It's been 3 weeks almost 4 since I broke up with him. Everyday is still a battle. I can't focus, music kills me, and I generally cannot function on my work. I've been through many heart breaks but this one is just different. Maybe because I was so sure for our future. I really wanted it to work but I know that my goals and boundaries are more than this relationship. We wanted to meet up, I guess to talk things out. I think he is going to try to work this out but I'm at a place where I really dont want to. I don't want to try and hope it will, Why? for another disappointment. But the meeting never happened and I'm just here waiting for the inevitable. Re-opening the womb. May God help me.
Last updated on:2025-07-28T23:45:03+05:30
Comments (5)
it was like that for me too. i knew going back would break me again but part of me still wanted the call the let’s fix this. it’s so hard choosing yourself over the comfort of familiar pain. but you did. and that’s brave.
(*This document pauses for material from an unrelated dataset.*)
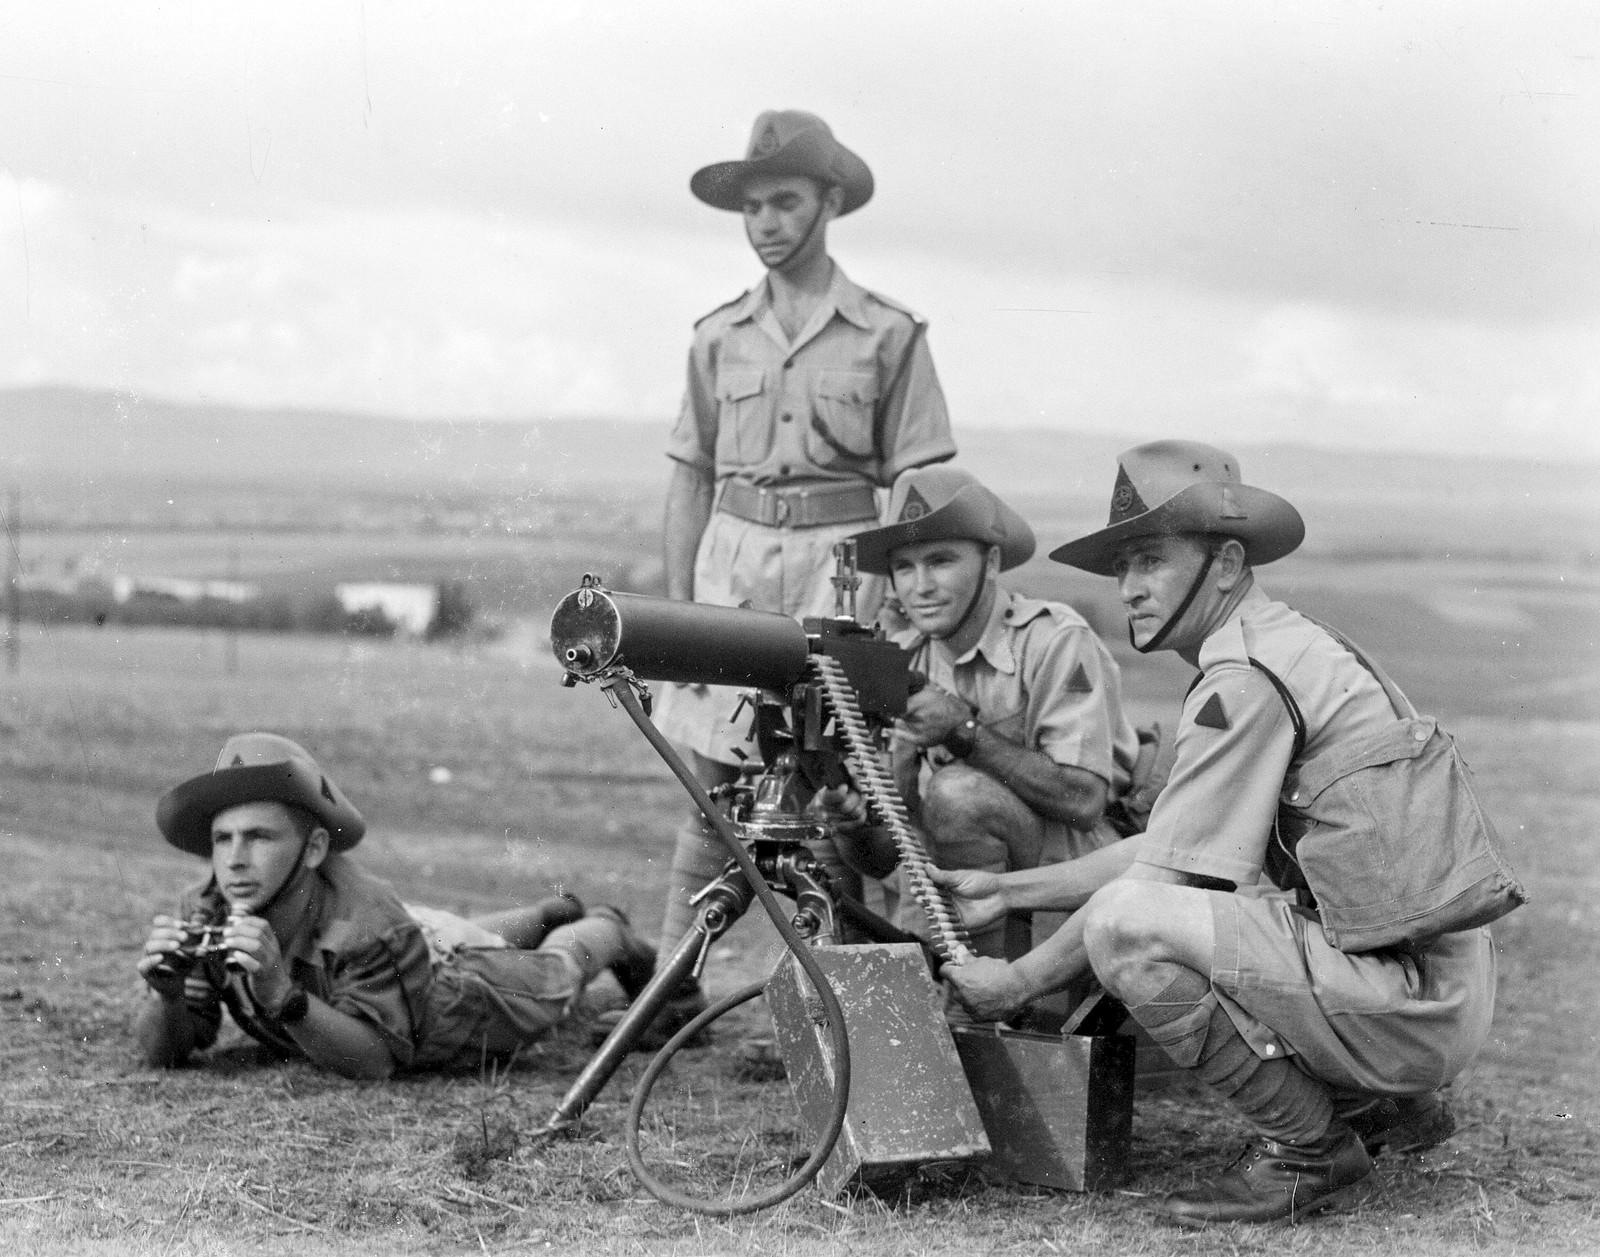 08. 1942. Еврейская поселенческая полиция во время полевых занятий на учебной базе в «Кфар Еладим»

i feel this in my chest. when hope and dread mix together like that? it’s its own kind of grief 😔
this hurt to read. that kind of heartbreak where you wanted it to work so bad... ugh it’s brutal. i remember sitting at work feeling like my body was there but my soul had just… left.
hey hope you feel better and whatever you decide to do hope you find healing. Ive been there when you just cant go on.
I know disappointment over n over again kills you.